Cooper stood up and drew a hand across his forehead. ‘The possibilities are endless.’
Fry sighed. ‘Ben, that isn’t what we wanted to hear.’
‘I’m sorry.’
‘It’s not your fault,’ said Hitchens. ‘Let’s think about this logically. What are the possibilities.’
‘“The dead place” …’ said Fry. ‘Well, does he mean the place itself is dead, or is he referring to a place for the dead.’
‘As in a cemetery?’ said Cooper.
‘Hold on, let’s take the first option,’ said Hitchens. ‘What did you say – where the place itself is dead?’
‘Yes. It depends what sort of bee he has in his bonnet.’
‘What do you mean?’
‘Well, it could be some kind of anti-quarry protest, or some farmer driven to the end of his tether by Foot and Mouth Disease. Are there any disposal pits for incinerated cattle around here?’
‘Not that I know of. Foot and Mouth never reached these parts, but there were some farms affected down on the Staffordshire border.’
‘Factory closures, then. Any major employers gone under?’
‘Not since the pits closed in the east of the county. Lots of communities almost died out there. But not here.’
‘Toxic waste dumps?’
‘OK, wait … yes, there’s one near Matlock.’
Hitchens shook his head. ‘Too far. It’s way outside of the six-mile zone.’
‘What about a place for the dead, then?’ said Fry. ‘A cemetery. What better place to hide a dead body than among hundreds of others?’
‘He’d still have to bury it, or conceal it in some way,’ said Cooper. ‘People visit cemeteries all the time. I’m sure they wouldn’t be used to seeing a fresh body left lying around.’
‘There must be some abandoned cemeteries,’ said Fry.
‘Well, plenty of closed churchyards. Most of the older ones are full now and don’t have room to expand. In a lot of villages they have to send you to the municipal cemetery, or to the crematorium.’
‘Mostly the crem these days, isn’t it? I don’t think I’ve ever been to a burial in my life. Everyone I’ve known who died has been cremated.’
‘But the churchyards are still there.’
‘OK. Anywhere else you can think of, Ben?’
‘It depends what you mean by a cemetery. There are plenty of burial places, some of them thousands of years old – Neolithic sites, remains of chambered cairns. A lot of them are in fairly remote locations, but hikers like to visit the more historic sites. You couldn’t leave a body in full view for long without it being discovered.’

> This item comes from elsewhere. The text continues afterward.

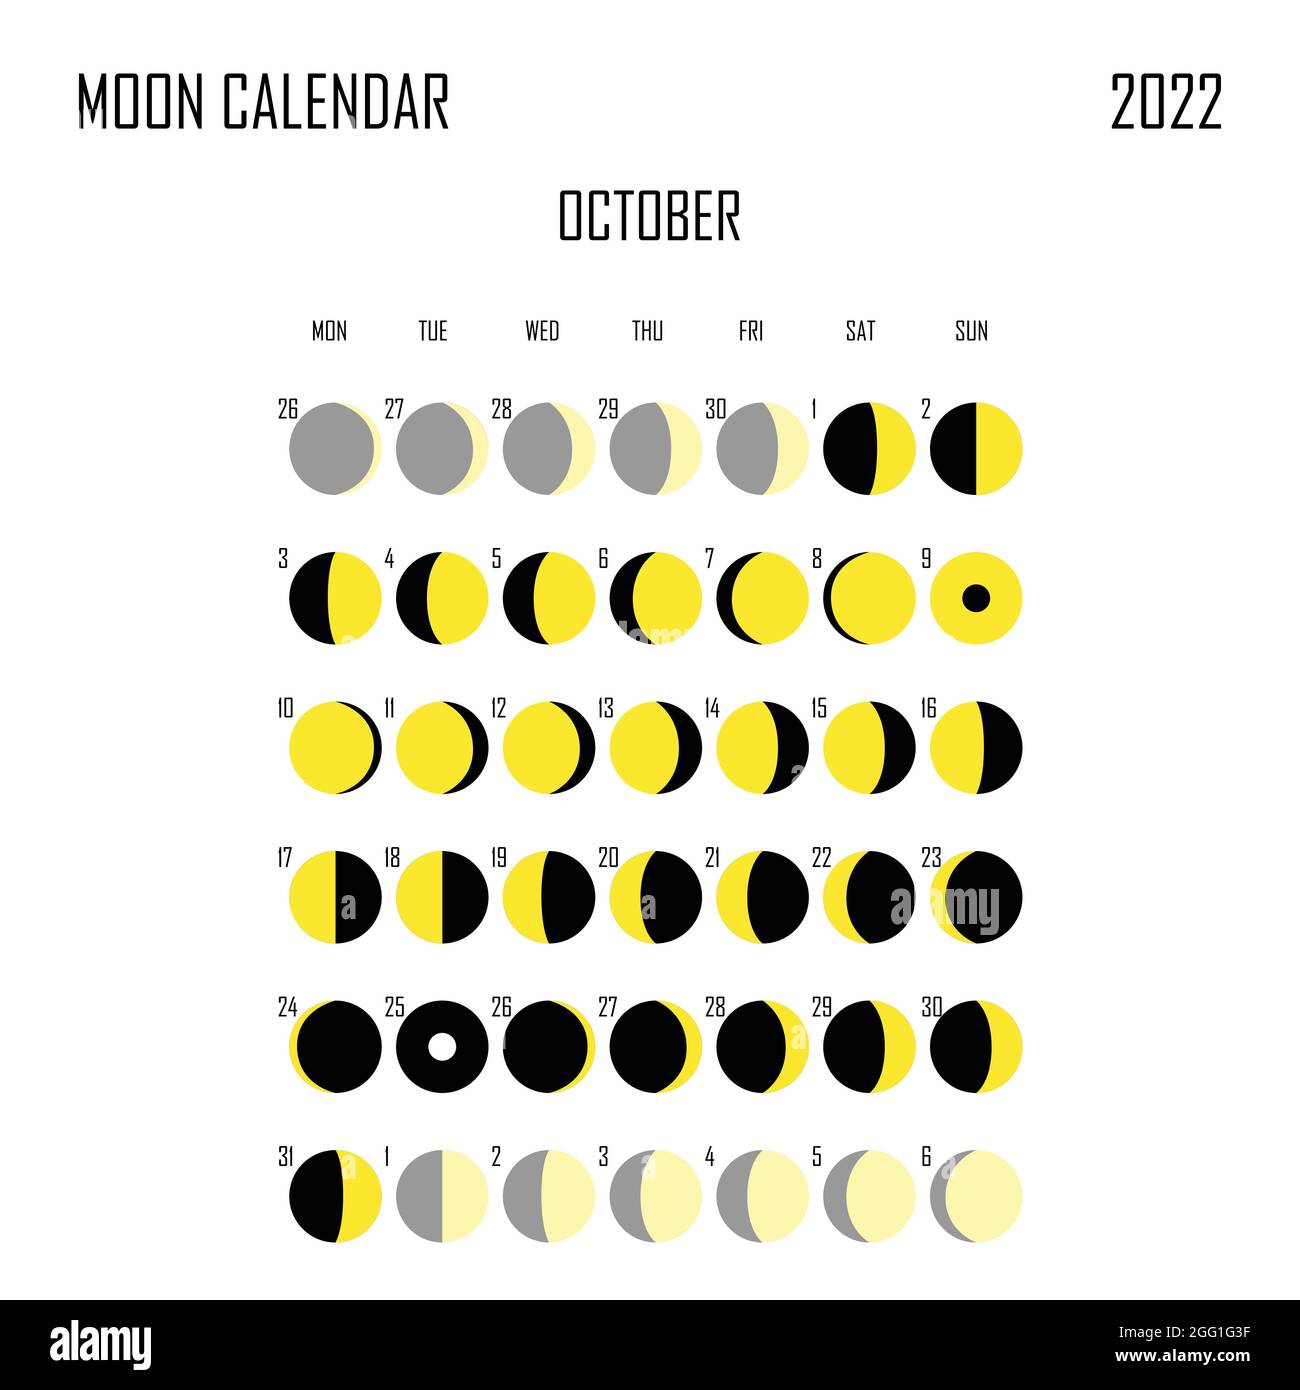 October 2022 Moon Calendar Astrological Calendar Design Planner Place For Stickers Month Cycle Planner Mockup Isolated Black And White Background Stock Vector Image Art Alamy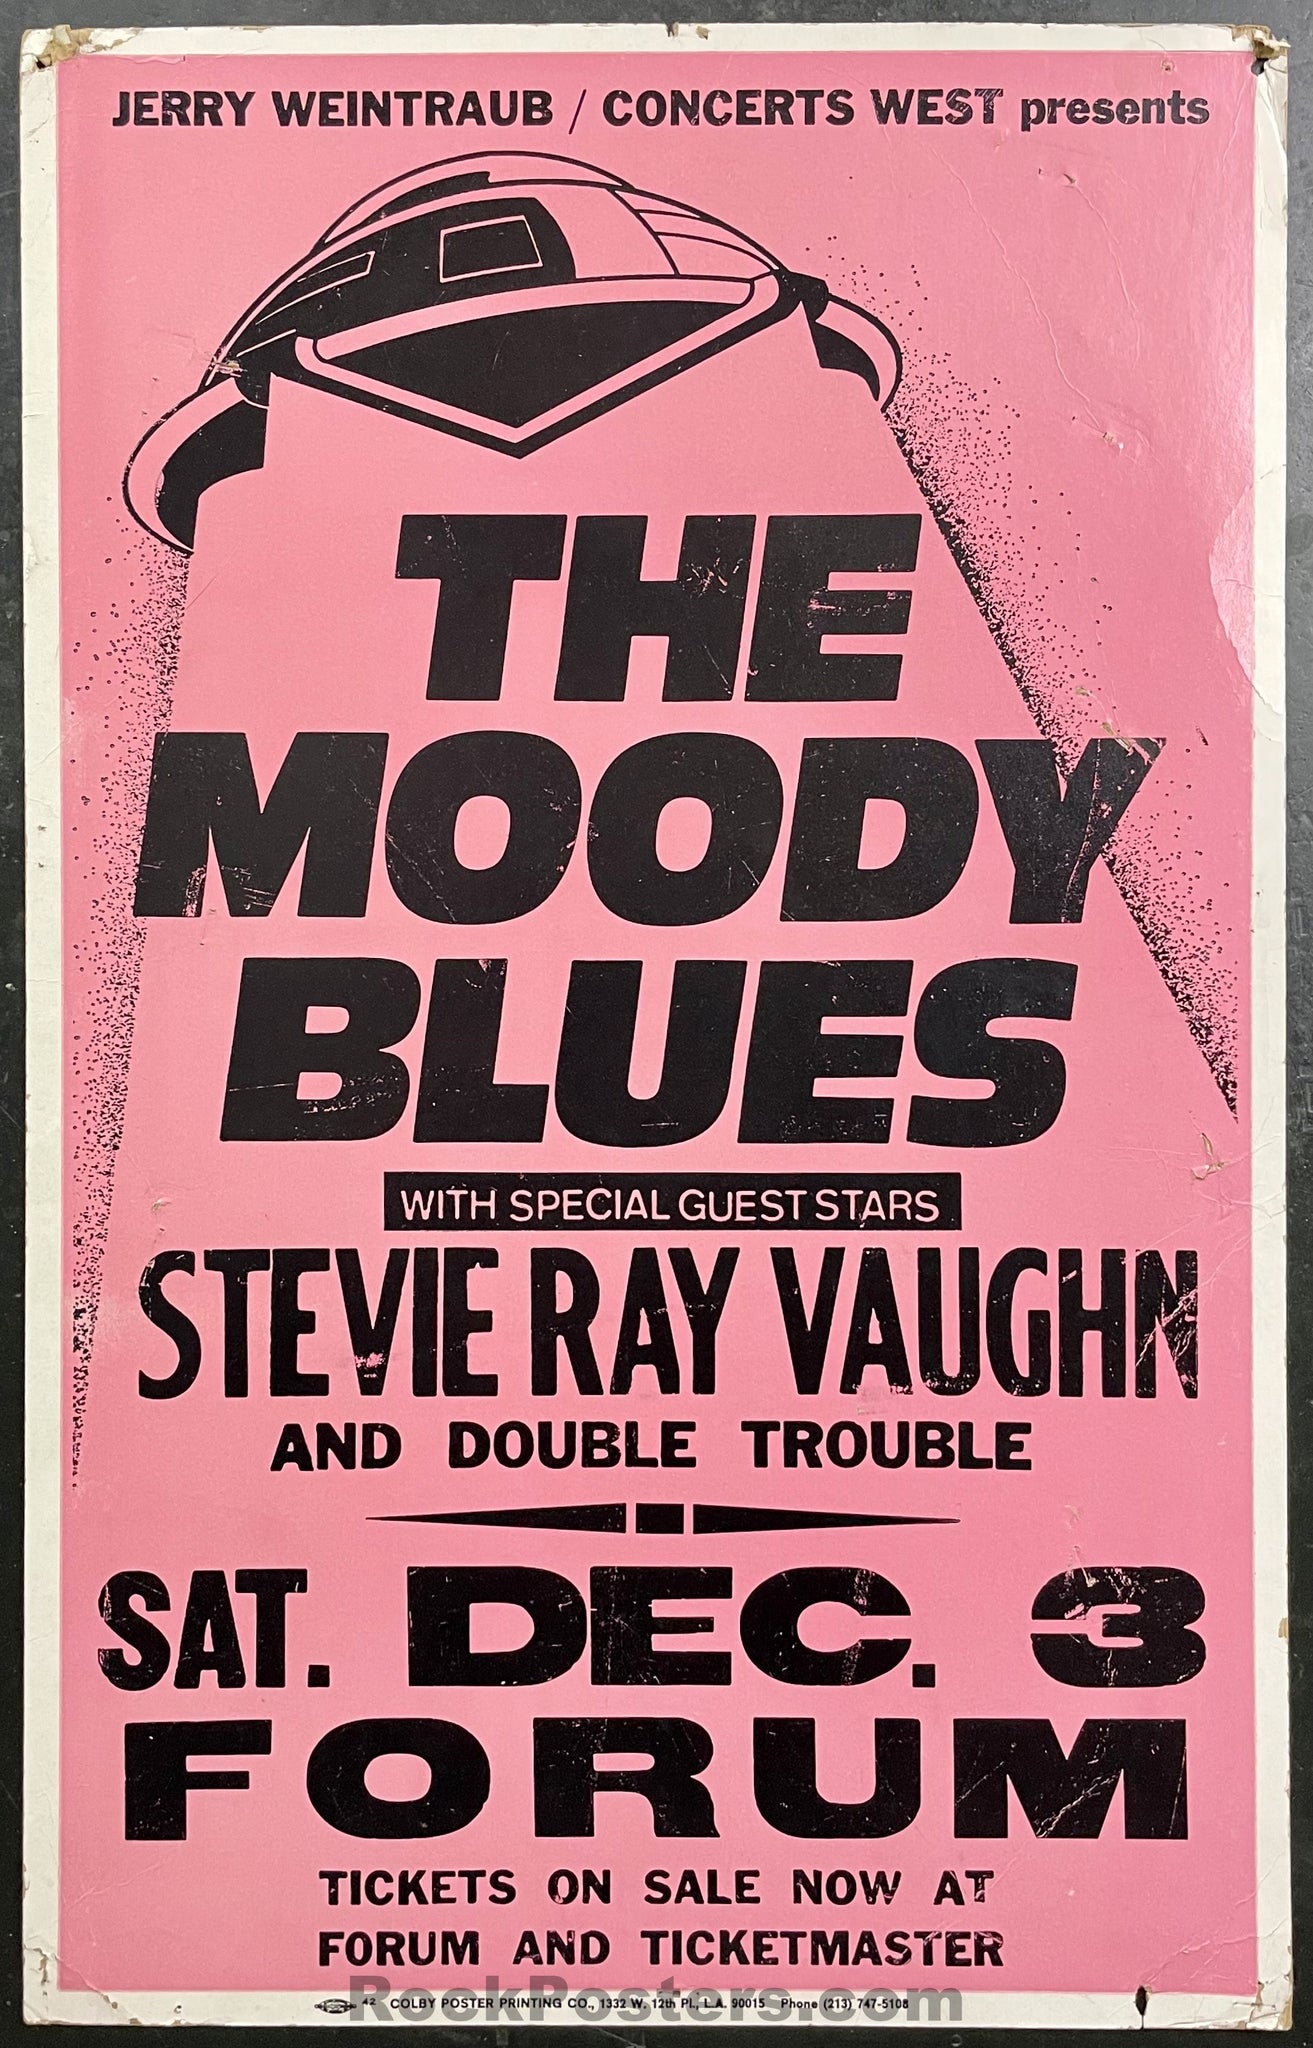 AUCTION - Stevie Ray Vaughan -  Moody Blues - 1983   Board Poster - LA Forum - Very Good

‘Like the Nine Virgins,’ said Fry.
‘Exactly.’
Cooper remembered the Nine Virgins well. The body of a murdered mountain biker left inside the stone circle had been found within minutes of her death. No such luck in this case, though.
‘Some sites aren’t so well known, of course,’ he said. ‘There’s the Infidels’ Cemetery, for example.’
‘The what?’
‘The Infidels’ Cemetery. Oh, it’s really a tiny, neglected nineteenth-century graveyard on the road between Ashford in the Water and Monsal Head. Last time I saw the place, it was waist high with nettles and weeds. And it’s in the middle of nowhere – you’d drive right by without knowing it was there.’
‘And why is it there?’
‘I think it was actually the graveyard for a community of Baptists. They weren’t regarded very highly by their neighbours, I suppose.’
‘Why “infidels”?’
‘Well, the story is that the inscriptions were recorded by a local historian, who noticed that none of the epitaphs contained references to the Bible, God or Jesus. That was so unusual at the time that it was considered very suspicious.’
‘Between Ashford in the Water and Monsal Head?’ Fry remembered the DI mentioning Monsal Head. ‘It’s not far from Wardlow, then.’
‘Very close.’
‘Let’s go take a look. I’d like to get the lie of the land around Wardlow anyway.’
She looked at Hitchens, who nodded. ‘I can handle everything here. It’s going to be a question of waiting at the moment.’
‘Do you have time, Ben?’ asked Fry. ‘You’re the obvious candidate for a guide.’
‘I’ll get my coat.’
In the CID room, Gavin Murfin had seen Dr Kane leave after the meeting.
‘You know, I didn’t realize they made profilers so young,’ he said.
‘Actually, she doesn’t call herself a profiler,’ said Fry.
‘Oh no, of course not. Not since the Washington Snipers, and the Rachel Nickell case. Not to mention Soham, when the SIO took the wrong advice. Even profilers start to get themselves a bad name after too many disasters. So obviously they have to change their name to something else.’